Interdependence Day?

I always feel a little conflicted on the Fourth of July. I love fireworks and have fond memories of sitting with my family and neighbors on a blanket as marching bands and community organizations paraded past, throwing candy and honking. However, I’m not, even on a good day wildly patriotic. I don’t love and never have loved saying the pledge of allegiance, or singing our national anthem, which I think should be, unequivocally, the Ray Charles version of America the Beautiful, rather than the bomb-bursting-rocket-red-glaring Star-Spangled Banner.

I love this country, don’t get me wrong. At least I love the idea of this country…or what it might have been. But of late, waving the flag or singing the national anthem feel especially, even absurdly, hypocritical. Not long ago, someone shared with me the story of a family member who said they didn’t feel comfortable putting a flag up on their house anymore, because it would signal support for “the other team.” How sad. There used to be at least an aspiration of unity around common ideals, but I find little evidence of that now.

Each day brings a new affront to what might have stirred the patriotic spirit. The latest vote for the big abominable bill will have lasting, irreversible and devastating impacts on this country and a great majority of its inhabitants. The passage of the bill unabashedly declares the U.S. a country content to rob from the poor to give to the rich and to deprive the generations to come of any possibility of economic stability, environmental protection, or the assurance that their basic needs might be met. It’s hard to wave a flag, put a hand over the heart, or pledge loyalty to that.

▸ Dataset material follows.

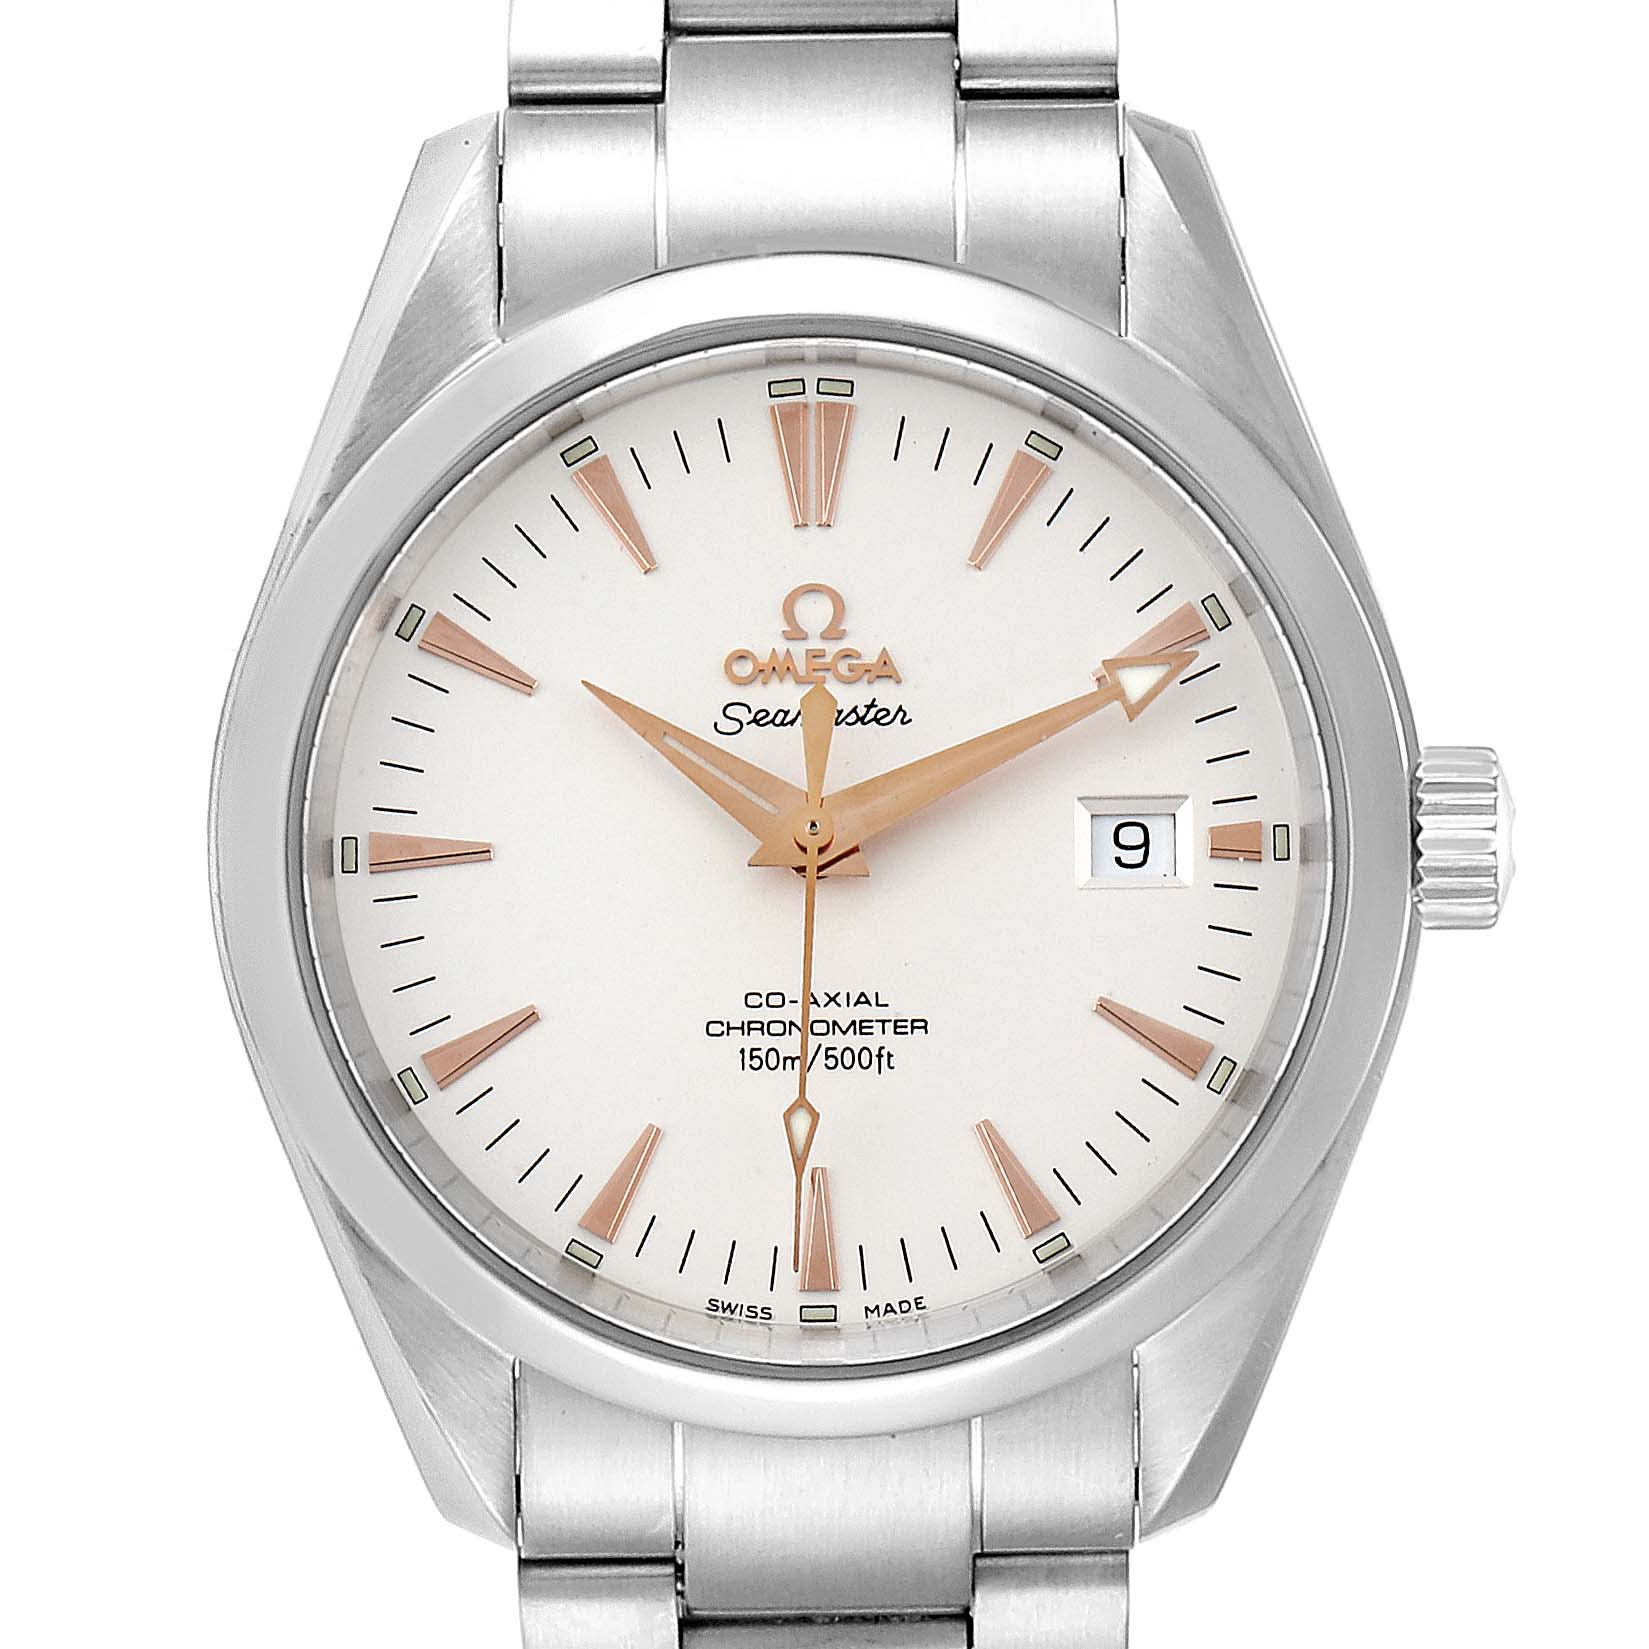 Omega Seamaster Aqua Terra Mens Steel Watch 2503.34.00 Box Papers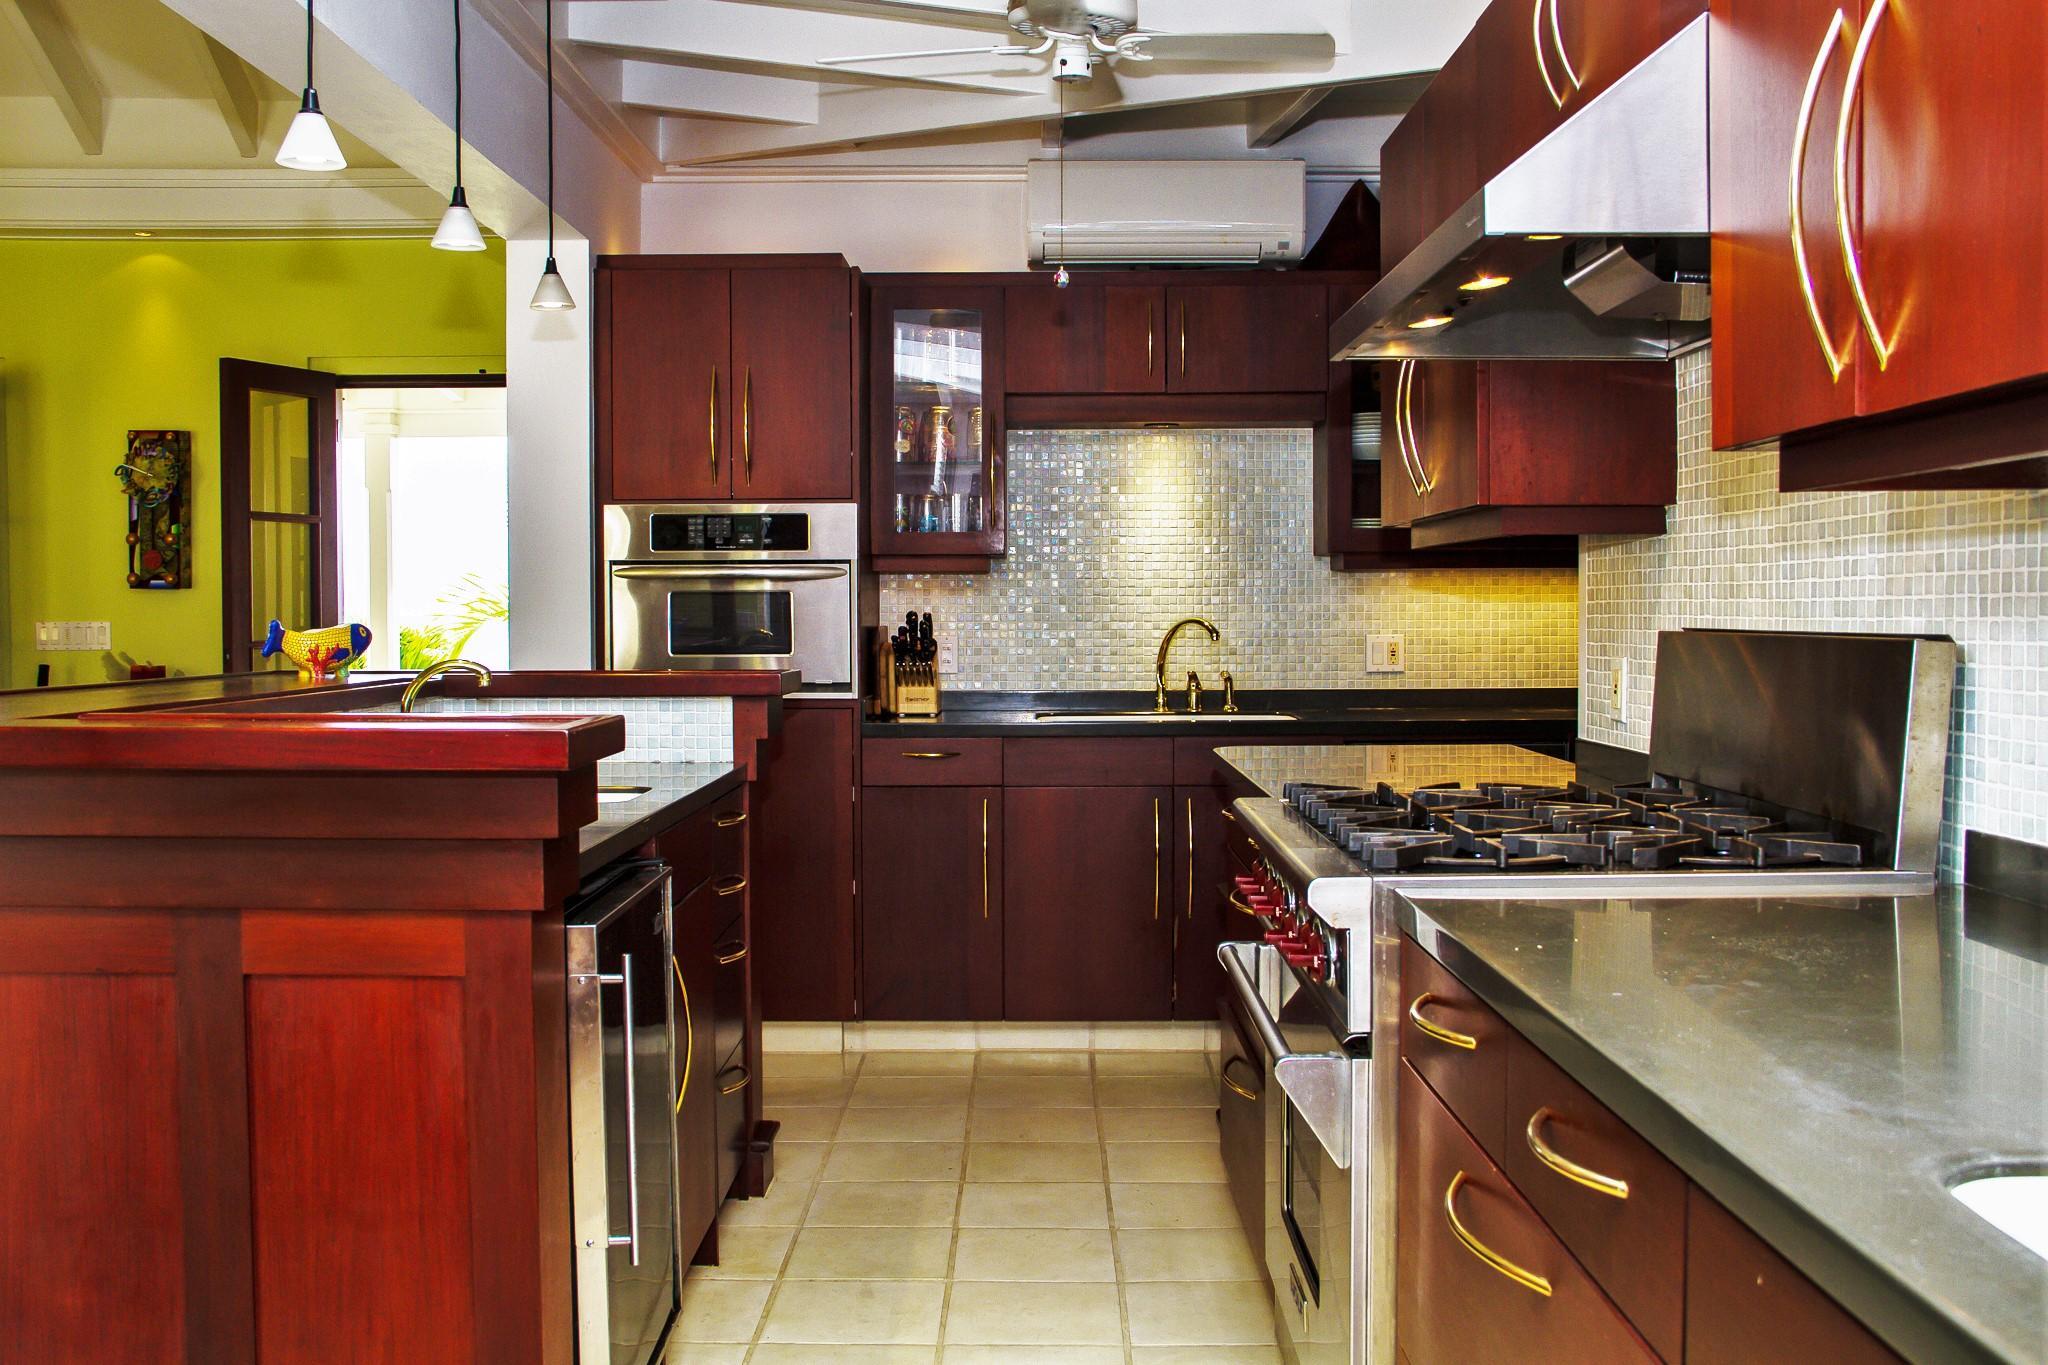 Chef's Range with Custom Tile Backsplash

How can we keep loving a country that doesn’t love most of its people? How do we fight for an ideal that was never and will never be reached as long as reality is so subjective? How do we keep aspiring toward once shared values that have been desecrated?

I imagine often, what the fall of the Rome might have felt like. Did it feel like this? Or is the moment we find ourselves in more akin to the eve of the Civil War, or the Great Depression, or any number of moments when all seemed lost? I think about those who continued to resist in the rise of the Nazi regime and feel I owe it to them – those brave souls who did to not comply in advance – to hold on, to not surrender my ideals, to not give in to despair.

But forgive me if I don’t wear red, white, and blue today, but instead wear a Black Lives Matter shirt or one from an Indigenous Organization I’ve come to know. Or maybe I’ll wear my “Nasty Woman” shirt again. That year, maybe it was 2017, Senator Tammy Duckworth pointed and smiled at me as she marched passed in the parade and saw my cheeky, feminist patriotism on display.

Being patriotic does not mean fealty to a false wannabe king. It does not mean performative demonstrations of loyalty to a government that is doing everything in its power to dismantle itself and take everyone who relies on its protections down with it. Patriotism, if you feel you can muster it right now, means speaking truth to power. It means showing up for your community, your neighbors, your family and friends. It means celebrating every joy you discover which affirms the fierce persistence of life. It means protecting the vulnerable, continuing to love who you love, doing what you feel called to do with purpose and conviction, and bearing witness boldly to the values of justice, equity, pluralism, generosity, transformation, interdependence, and liberating love. Let’s display that kind of patriotism this Interdependence Day and keep living into it with each new day, each new opportunity to strive for the ideals this country once claimed with integrity.